TASK INSTRUCTIONS
From the data below, copy exactly the lines that lie between the one holding "Photographie historique, deux" and the one holding "Ý tưởng trang", including both, and nothing more.

INPUT MATERIAL
——

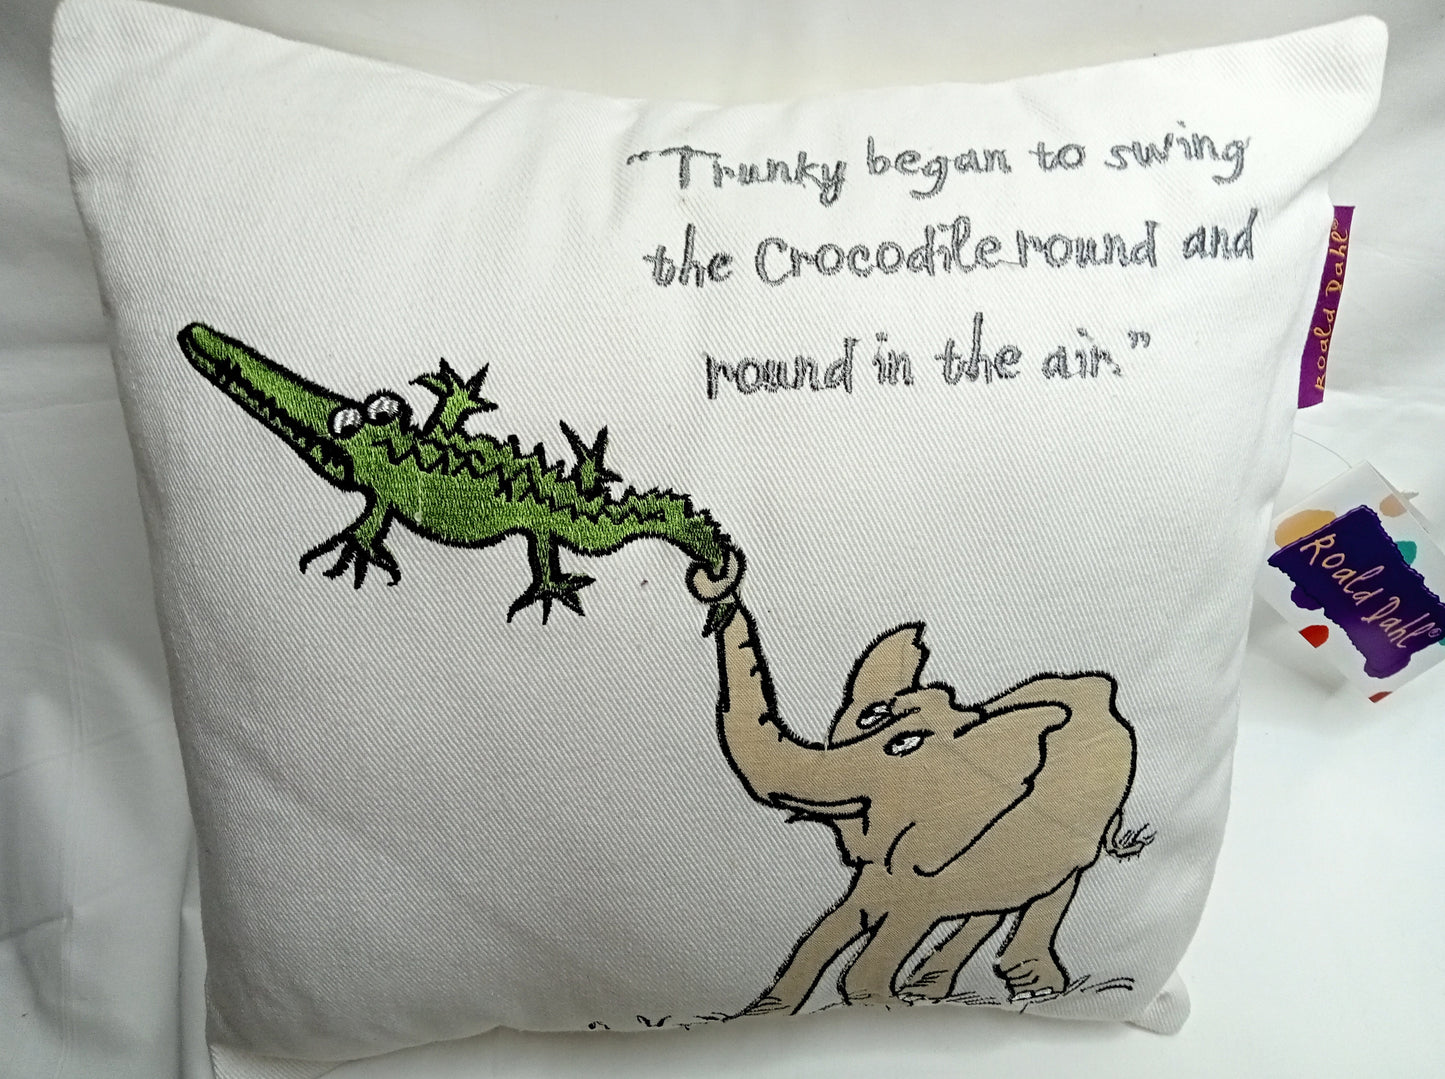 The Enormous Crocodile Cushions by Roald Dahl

——

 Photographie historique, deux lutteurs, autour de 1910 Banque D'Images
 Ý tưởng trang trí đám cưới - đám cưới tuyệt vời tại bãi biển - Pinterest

——

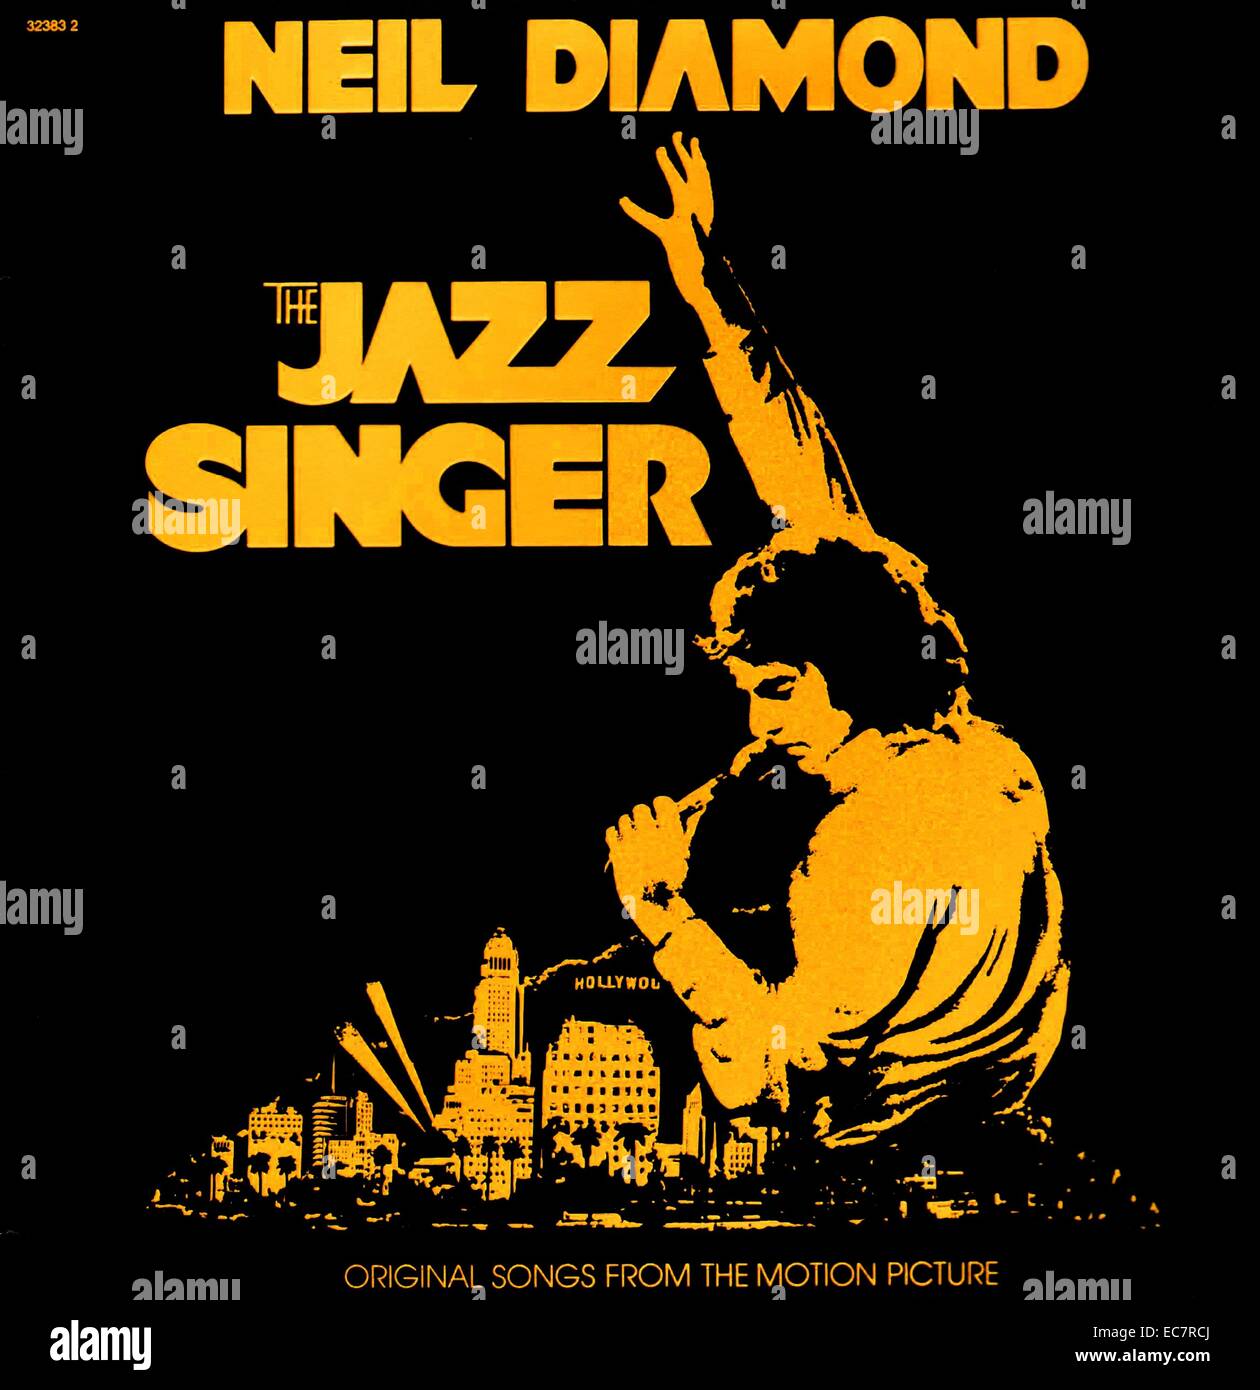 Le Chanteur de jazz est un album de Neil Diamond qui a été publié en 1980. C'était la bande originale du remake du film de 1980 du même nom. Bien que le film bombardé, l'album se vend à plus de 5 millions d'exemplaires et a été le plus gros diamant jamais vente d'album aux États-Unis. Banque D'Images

——

RESPONSE AREA
 Photographie historique, deux lutteurs, autour de 1910 Banque D'Images
 Ý tưởng trang trí đám cưới - đám cưới tuyệt vời tại bãi biển - Pinterest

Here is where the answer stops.